Below are the entries to work from; restate word for word the portion that opens with the line containing "magazine made in marseille, Vidéo" and closes with the line containing "Jasmim-do-caribe (Plumeria pudica)", keeping both.

Listed entries>
--------------------------------

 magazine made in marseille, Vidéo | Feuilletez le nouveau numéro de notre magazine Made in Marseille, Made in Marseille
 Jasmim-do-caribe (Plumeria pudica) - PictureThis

--------------------------------

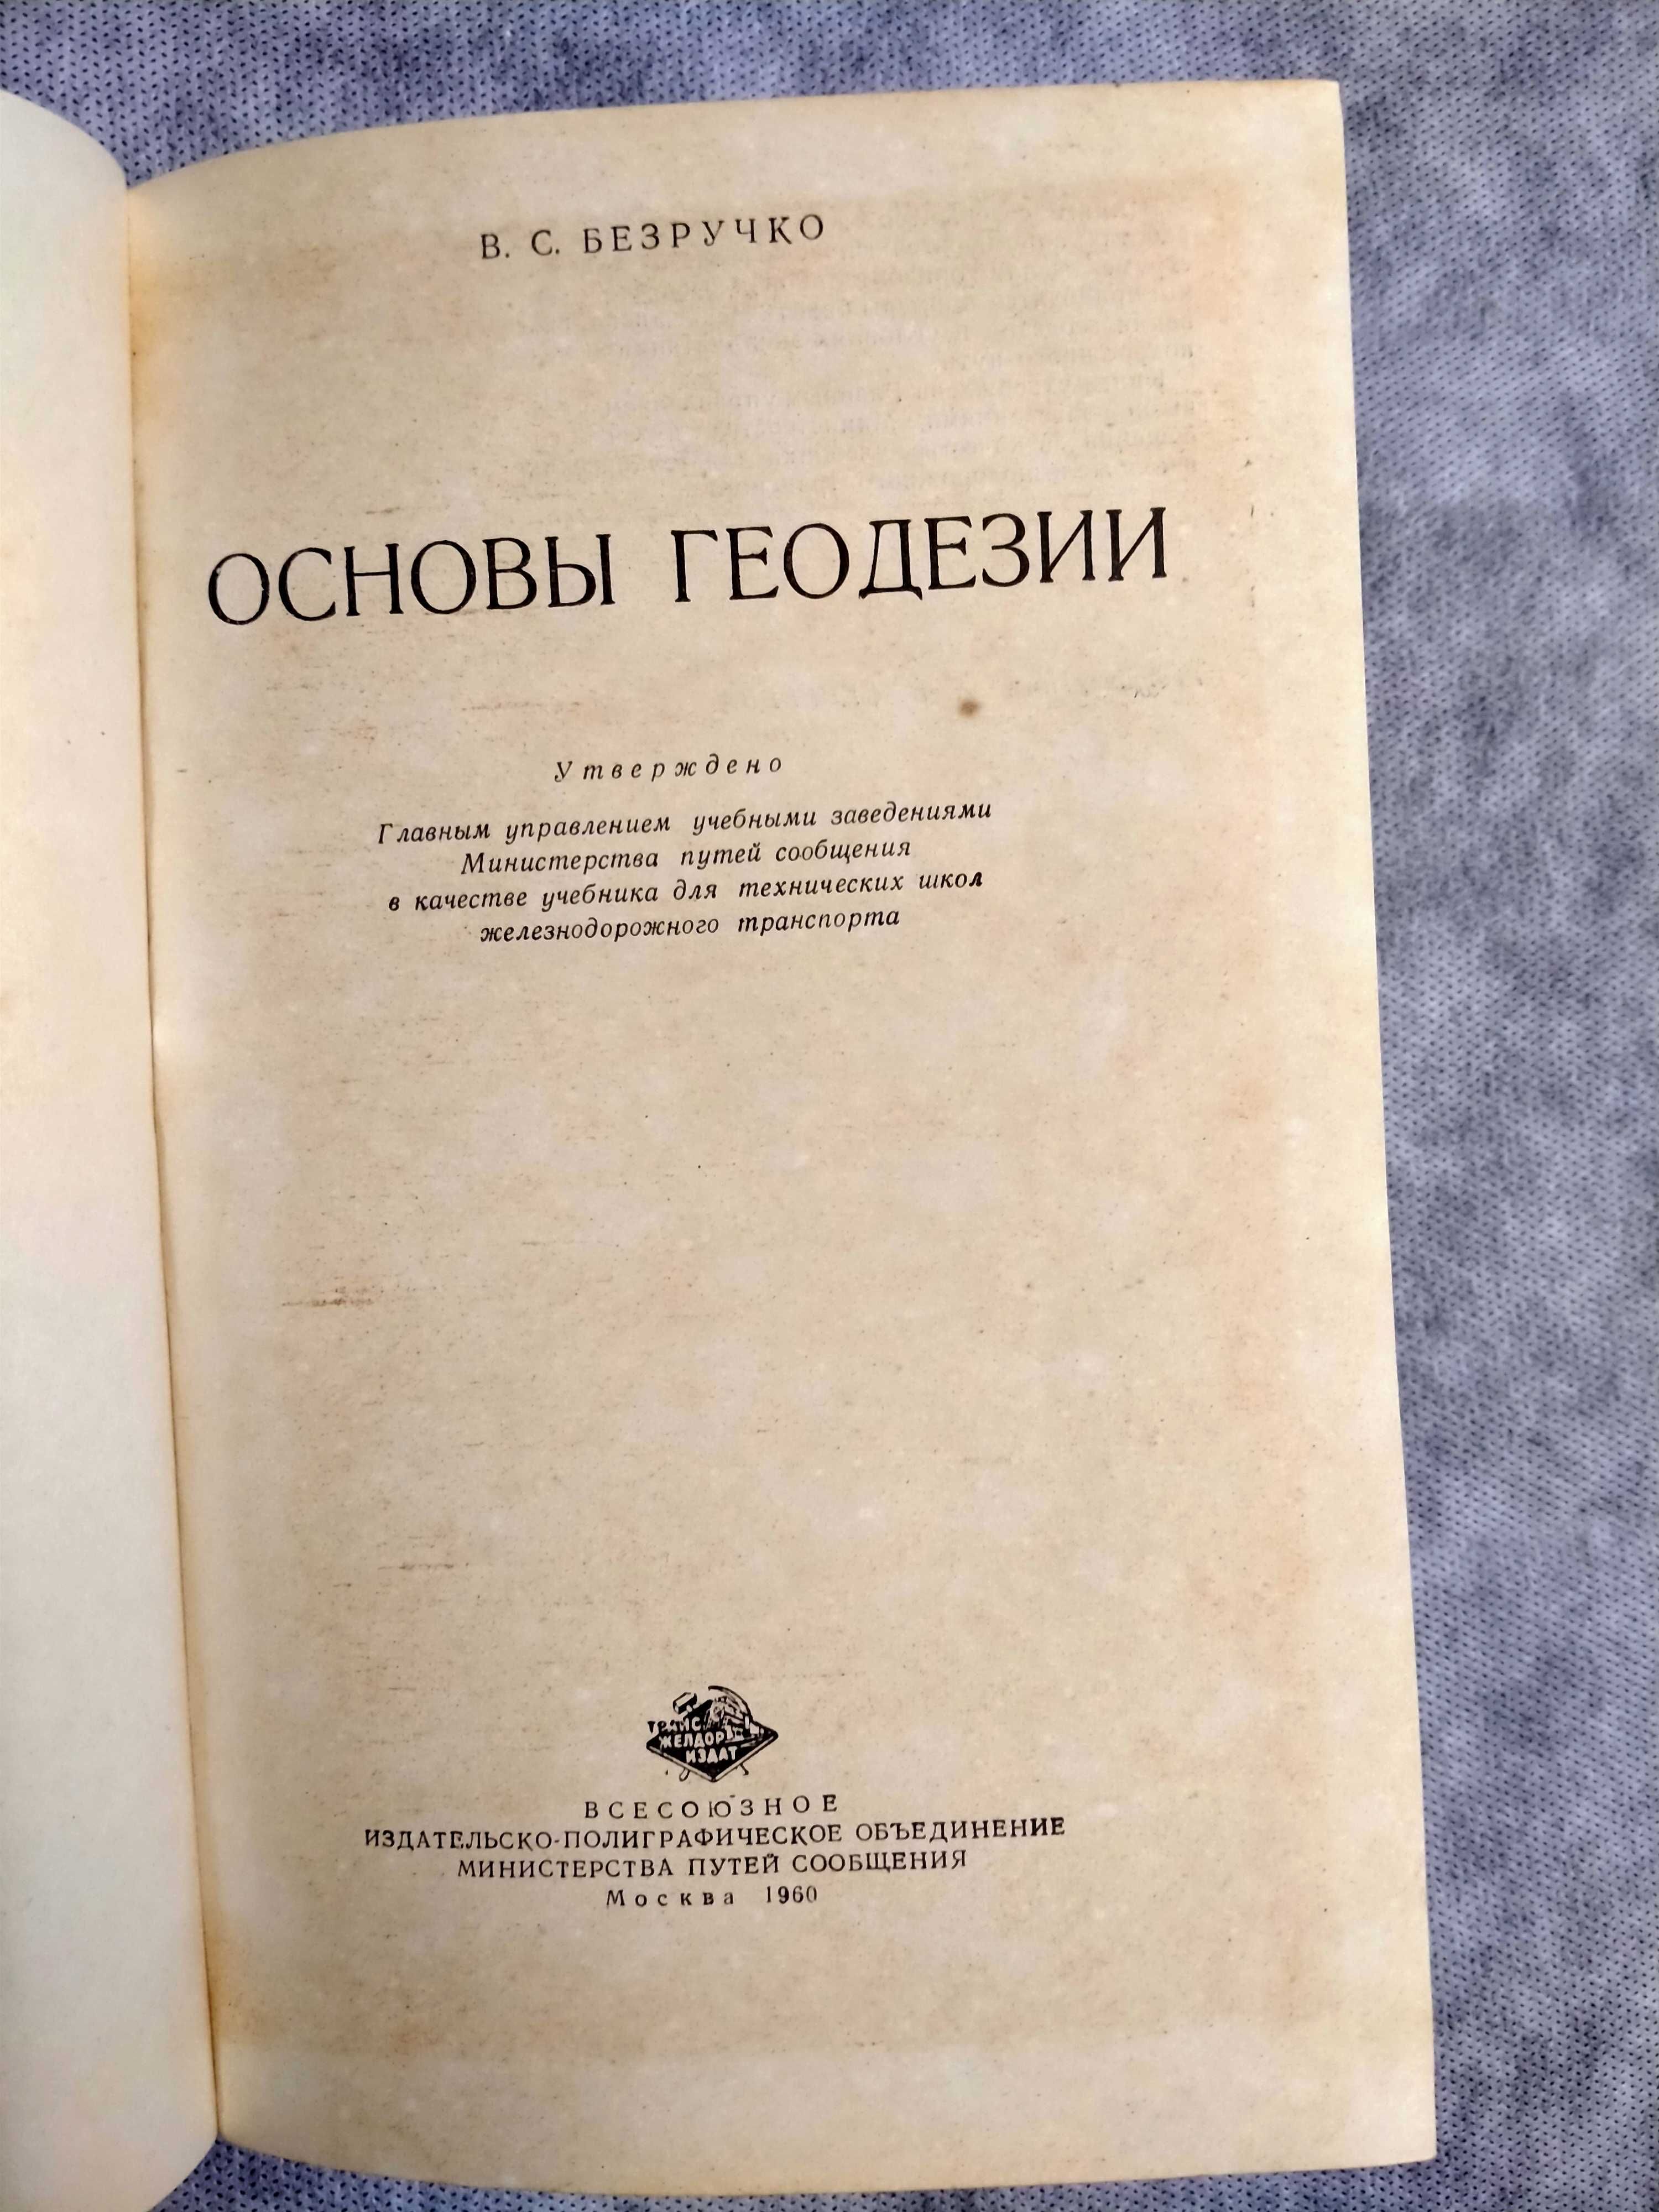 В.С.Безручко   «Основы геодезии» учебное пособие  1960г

--------------------------------

Answer space>
 magazine made in marseille, Vidéo | Feuilletez le nouveau numéro de notre magazine Made in Marseille, Made in Marseille
 Jasmim-do-caribe (Plumeria pudica) - PictureThis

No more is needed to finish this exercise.